Christine que nous avons interviewée indique, sans détour, qu’elle s’est prostituée pendant quelques années, après qu’elle se soit retrouvée à la rue, enceinte de cinq mois, au décès de son ami, sans emploi et rejetée par sa famille parce que toxicomane et séropositive. Pour elle, la prostitution était la seule alternative valable aux vols qui l’ont immanquablement conduite en prison, dont une fois pour un an.

Ben j’ai rencontré le papa, des enfants, lui ben disons il buvait de l’alcool et moi j’étais droguée, beaucoup de médicaments, de l’alcool, tout ce que je pouvais prendre, le crack. Disons que comme aussi j’avais pas mal de revenus, avec la prostitution, tout partait dans l’hôtel, euh, la drogue, c’était infernal quoi. Et là quand je l’ai connu, il m’a proposé de m’aider et là j’ai décroché (rires), durement, pendant quelques semaines.

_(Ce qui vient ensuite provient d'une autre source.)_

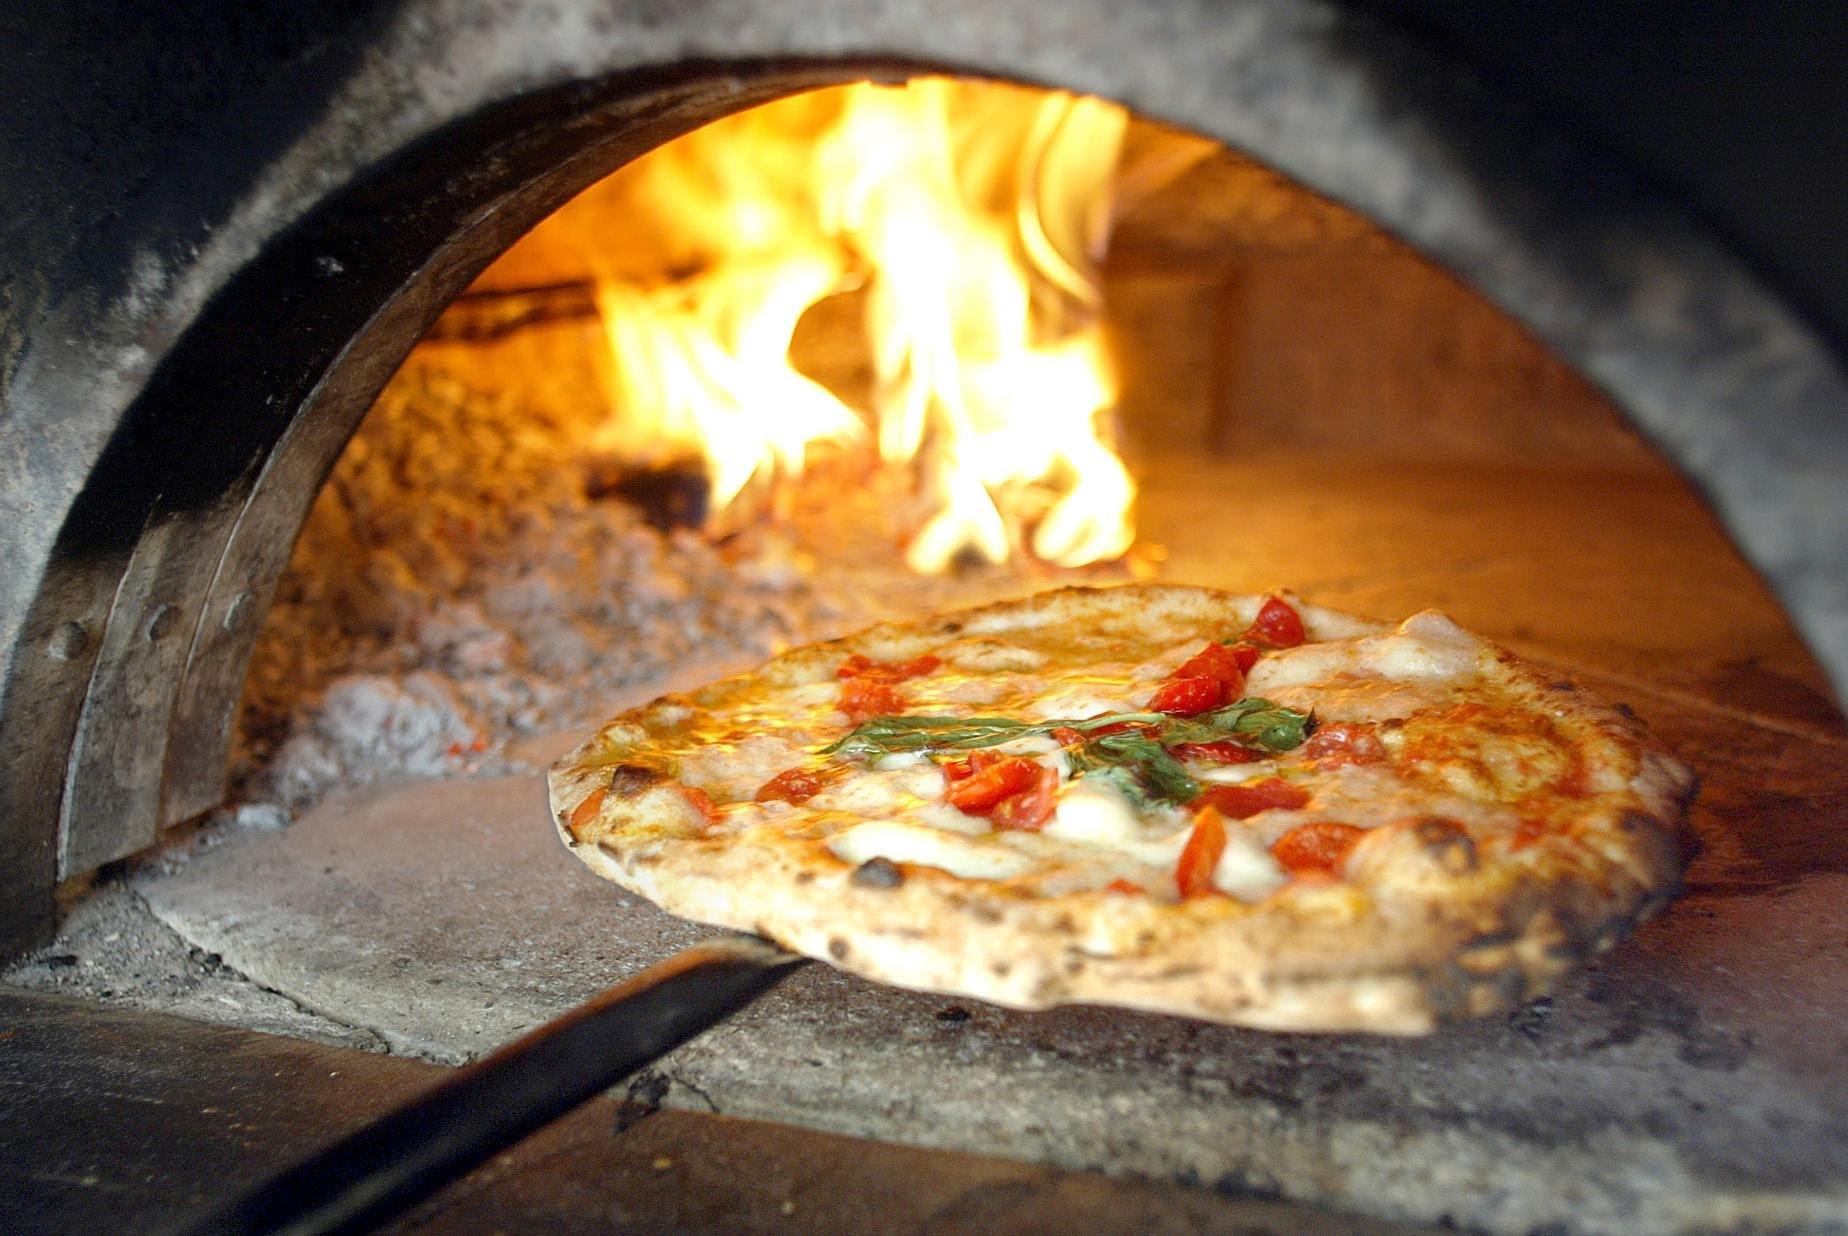 http://www.vienianapoli.com/2015/01/dove-mangiare-napoli-le-migliori.html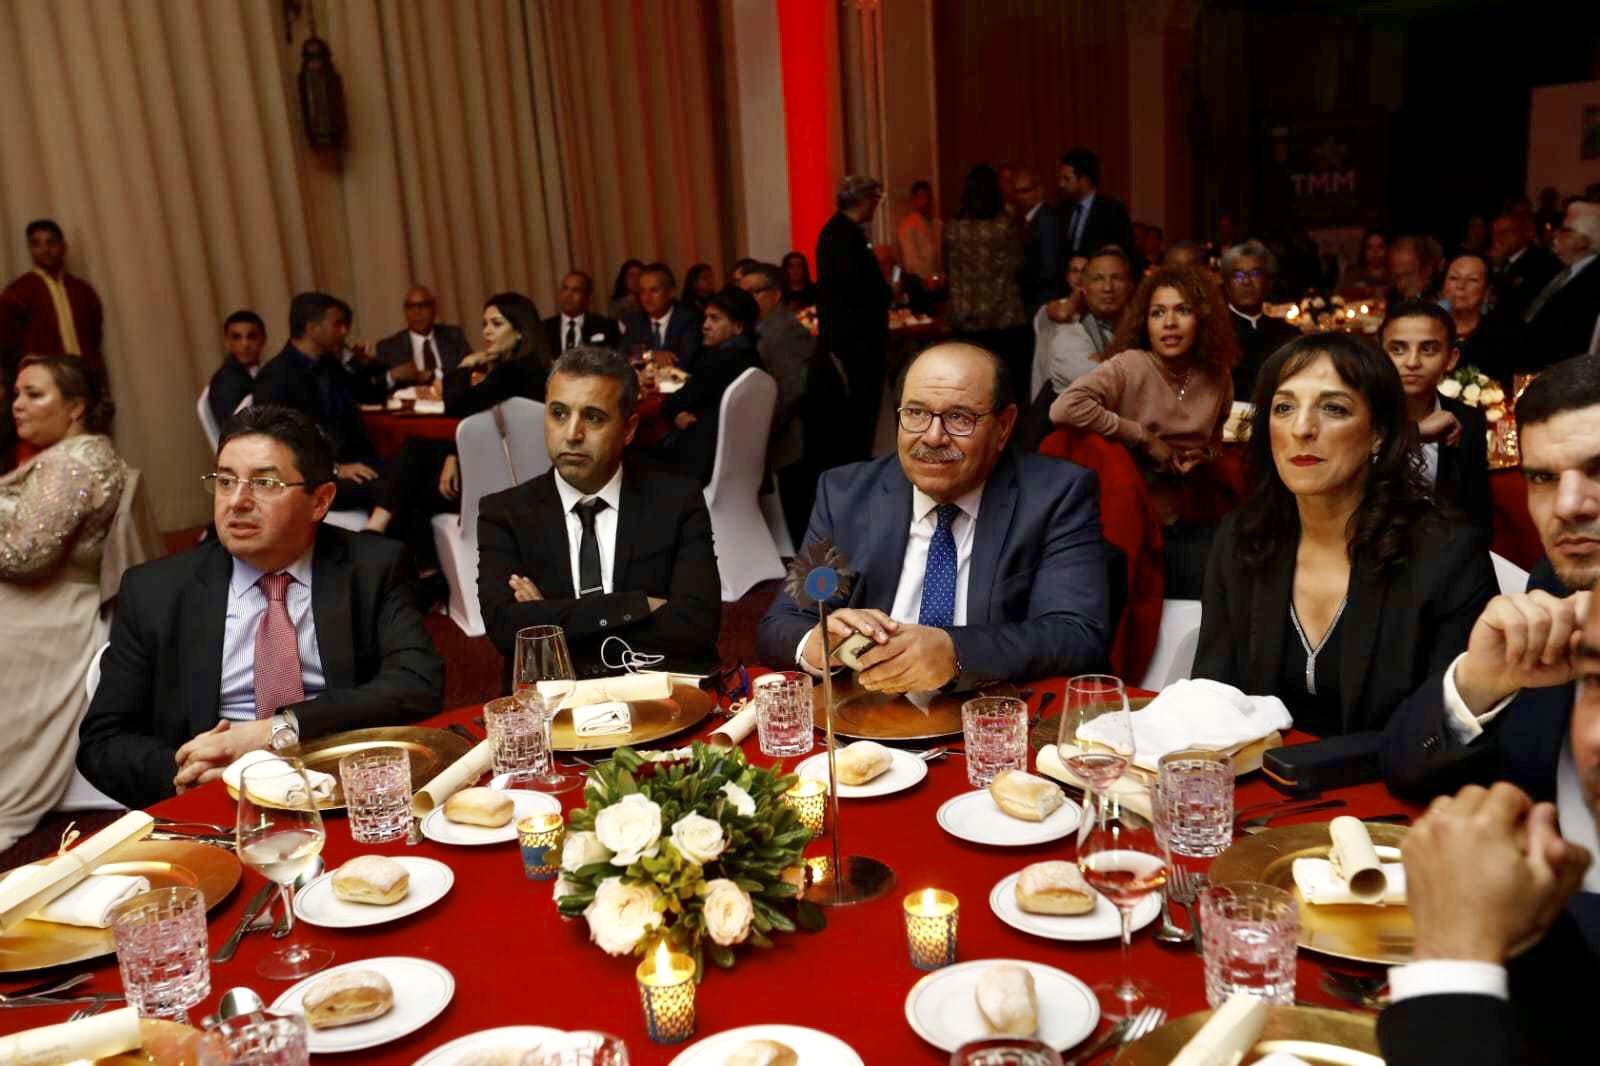 أمسية تكريمية من مجلس الجالية لشخصيات مغربية ناجحة في عالم السياسة والأعمال بأوربا

Martine, par contre, n’avait pas abordé cette question lors de l’interview, mais le dira finalement au cours d’un entretien plus informel « Moi mon père je ne l’ai pas vu

depuis vingt ans. C’est quelqu’un de très rigide. Pour lui, je suis qu’une prostituée. Il voit pas que j’ai changé que je suis une mère, avec deux enfants ». Elle situe ainsi la

prostitution dans un avant, comme la toxicomanie, une étape de son parcours de vie qui « lui colle à la peau ».

Cet engrenage entre la drogue, le besoin d’argent et la prostitution comme solution « facile » et moins risquée au niveau des rencontres avec la police est bien décrit dans le roman « Moi, Christiane F., 16 ans, droguée, prostituée » (op. cit.). Pourtant, le témoignage de femmes toxicomanes montre que cette activité n’est justement pas perçue comme un moyen « facile » par les femmes, mais plutôt comme le dernier moyen, auquel souvent elles ne se résolvent qu’en ultime recours. La maternité est un moteur puissant dans cette décision, la prostitution étant somme toute moins risquée d’un point de vue pénal, alors qu’elles craignent par dessus tout de « tomber » (se retrouver en prison) ce qui signifierait le placement des enfants.